In a singular decision that may became a model around the country, the New Mexico Supreme Court has ruled that a hospital violated the law by using confidential information about a physician’s peer review conduct to terminate his employment. The court affirmed a verdict in favor of the physician and upheld the jury’s award of compensatory and punitive damages.
In Yedidag v. Roswell Clinic Corp., a physician employed by a hospital was terminated for unprofessional conduct during a peer review meeting. The subject of the peer review session was another doctor's treatment of a patient who died following surgery. The chair of the peer review committee testified that although the plaintiff physician's questioning was “heated,” it was well-directed and brought information to the forefront of discussion. However, an administrative observer reported to the physician practice manager that the plaintiff verbally attacked the surgeon who was the subject of the peer review. As a result, the hospital terminated the plaintiff.
The court explained that the confidentiality of peer review is an important public policy concern. A primary purpose of peer review is to ensure that patients have received adequate health care and to improve the quality of care provided by physicians. The greatest obstacle to effective peer review is potential fear felt by reviewers that their participation in an adverse recommendation could lead to a lawsuit against them or negative consequences for their livelihood. To overcome this obstacle and promote candor in the peer review process, numerous states have passed laws to ensure that the process is kept confidential.
New Mexico passed the Review Organization Immunity Act (ROIA) to regulate peer review committees in hospitals, health maintenance organizations, local associations of health care providers, nonprofit health care plans, and emergency medical systems. ROIA grants qualified immunity to peer reviewers and individuals who provide information to review committees. ROIA also protects the confidentiality of data and information acquired by peer review committees. Peer review statutes across the country are similar.
ROIA does not expressly provide a private remedy for individuals who are harmed by a failure to maintain the confidentiality of peer review. Based on U.S. Supreme Court authority, however, the New Mexico Supreme Court implied a private cause of action. Thus, the plaintiff could obtain relief for the hospital's decision to terminate him based on his conduct during the peer review meeting.
The court’s holding also limits the use of peer review information to individuals who are responsible for furthering the purpose of ROIA. In other words, only the medical staff responsible for peer reviews can discipline evaluators for their conduct during peer review. In addition, ROIA allows reviewed physicians to bring claims against their evaluators for “malicious” peer review conduct. On the other hand, hospital administrators, who do not have any substantive role in peer review, cannot use confidential peer review information in making adverse employment decisions.

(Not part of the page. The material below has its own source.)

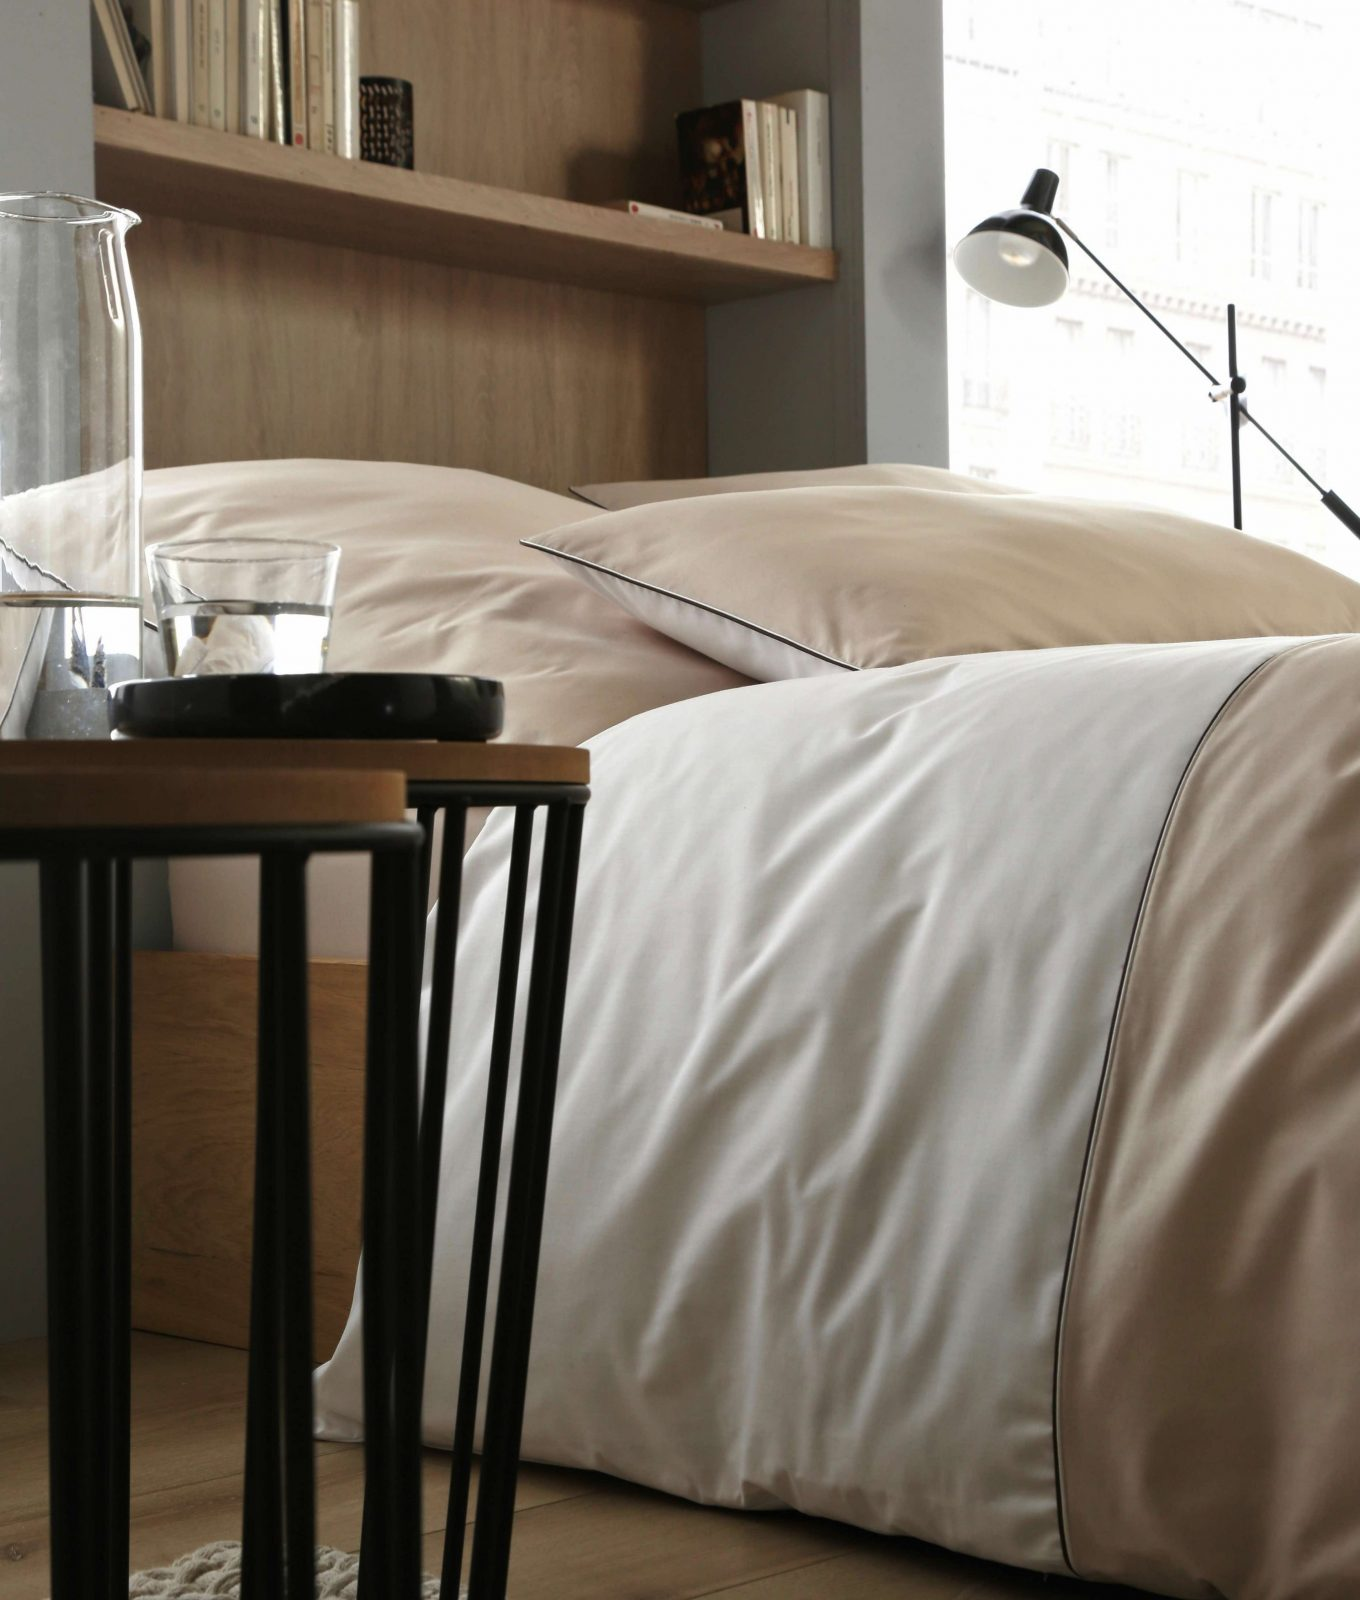 Luxus Estella Bettwäsche Jersey  Home Image Ideen von Bettwäsche Estella Fabrikverkauf Bild

This decision may have far-reaching implications if other states follow suit. Protecting the confidentiality of the peer review process in this way may mean that hospital administrators cannot discipline based solely on conduct during peer reviews, but uncivil conduct in other settings should remain actionable. Hospitals should consult with counsel about their employment contracts, policies, and codes of conduct to ensure that they include remedies for troublesome physician behavior.